Люся стрельнула на подругу страшными глазами, но гостья не смутилась:
– А вот сейчас о главном. Лет шесть назад погибли мои тетя Клара и отец – в аварию попали, а их квартира мне досталась. Мы сюда с дочкой и с мужем переехали. Первым делом я к Лере побежала. Дверь мне открыла Вера Павловна, бабушка Леры, с такой радостью встретила… Сели мы за стол, я давай о себе рассказывать, а потом все про Лерку расспрашивать, дескать, как она там в столице? Вышла ли замуж, есть ли дети, все спросила. Смотрю, Вера Павловна сидит и плачет. «Танечка! Да разве ж она была в Москве-то этой? Мы ж ее отправили ко мне, в деревню, где я работала. Там наша Лера». Меня как током прошило: «Как же вы свою изнеженную, избалованную Леру от себя оторвали? И зачем? Она ж хотела на артистку выучиться!» А старушка только рукой махнула: «Какая там артистка! Мы ведь ее в деревню увезли, чтобы она там дите родила. Наездилась
Потом я узнала, что после того, как уехала Лера якобы в Москву, тетя Софья бурно занялась личной жизнью, держалась-держалась, а потом как отвязал ее кто, не до дочери ей стало, да и стыдилась она ее. Но что-то у нее с мужчинами не сложилось, и Софья снова кинулась в материнство. Съездила к дочери в деревню, сказала только, что у Леры сын, и все. А потом съездила еще раз, после этого приехала и… бросилась с моста.
– Насмерть? – охнула Василиса.
– Насмерть, – мотнула головой Татьяна. – Старушка Вера Павловна одна осталась.

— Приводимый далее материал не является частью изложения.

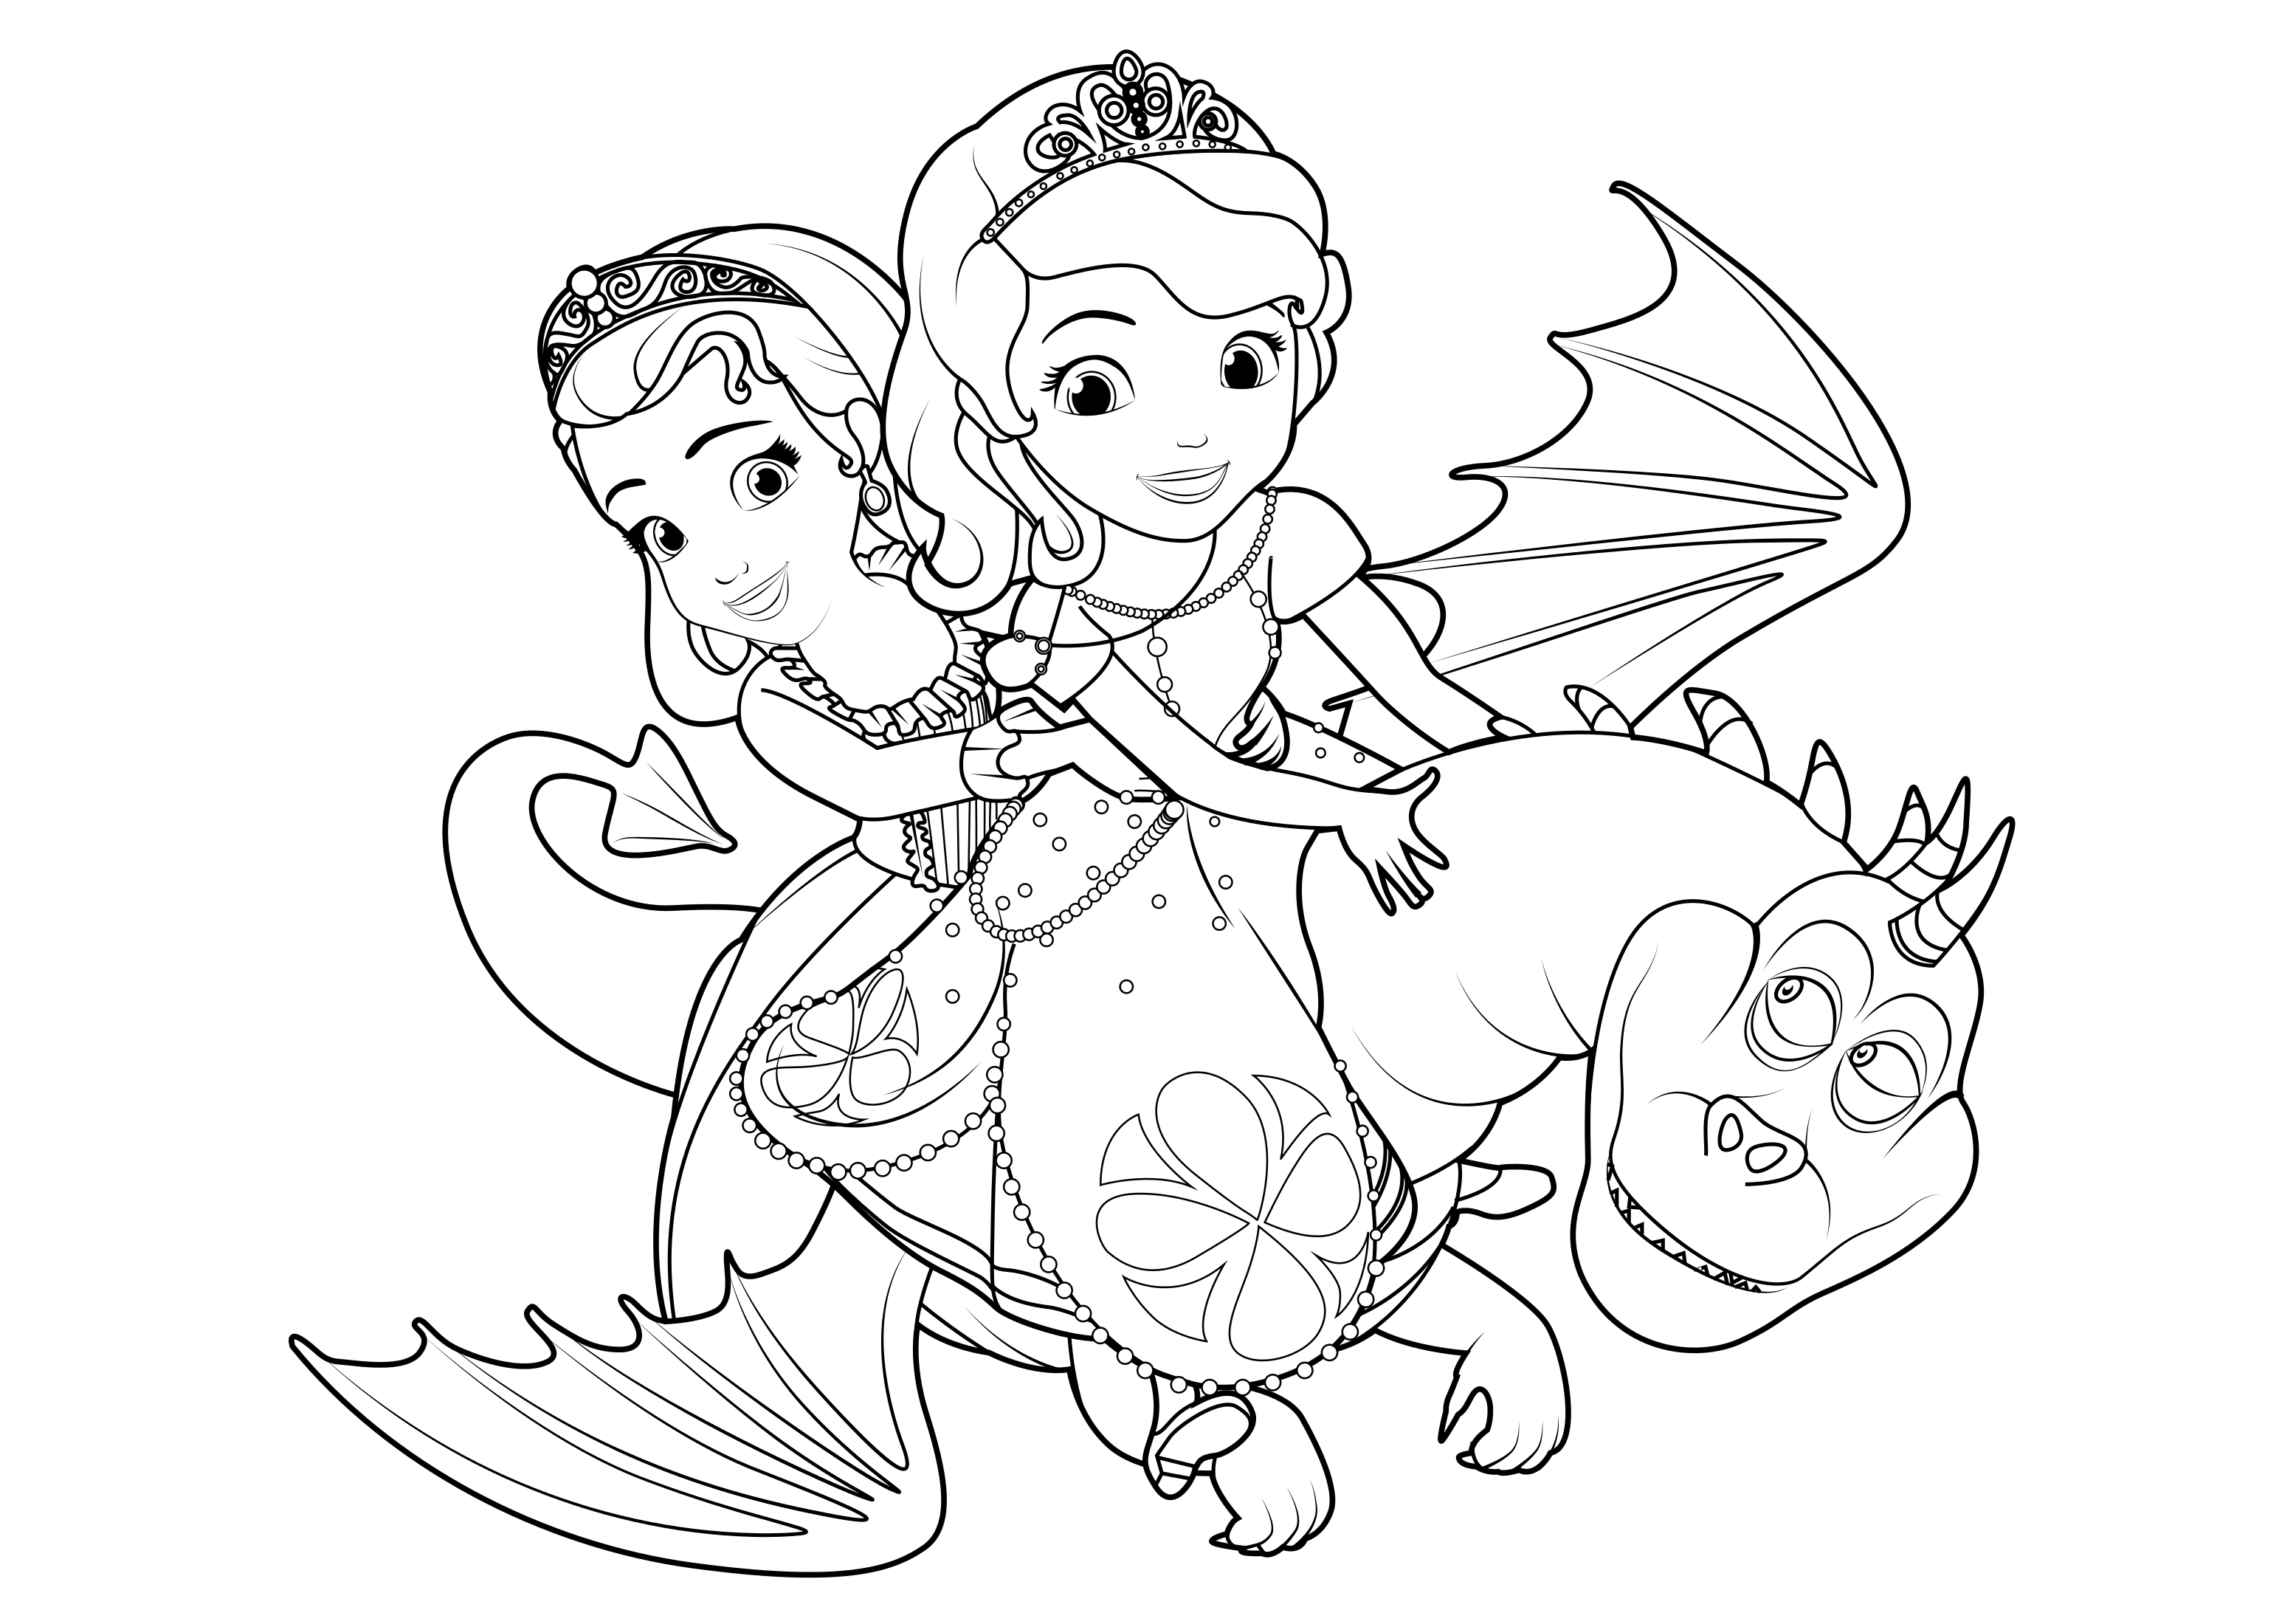 Coloring page Sofia the First Princesses Sofia and Amber on the dragon

Люся быстренько налила себе неразбавленного мартини и залпом выпила.
– Я бы непременно сама в ту деревню наведалась, – хлопнула она ладошкой о стол.
– А я так и сделала. Узнала у бабушки адрес, от нашего города недалеко было, и поехала.
Подруги затаили дыхание.
– И как? Как тебя Лера встретила? Что с ней стряслось?
Теперь уже и Татьяна навела себе коктейль и не торопясь выпила.
– Я там ее не нашла. Но обратно ехать было поздно, и я остановилась на ночлег у одной женщины, мне ее адрес Вера Павловна дала, и уж та мне рассказала, что с Лерой произошло.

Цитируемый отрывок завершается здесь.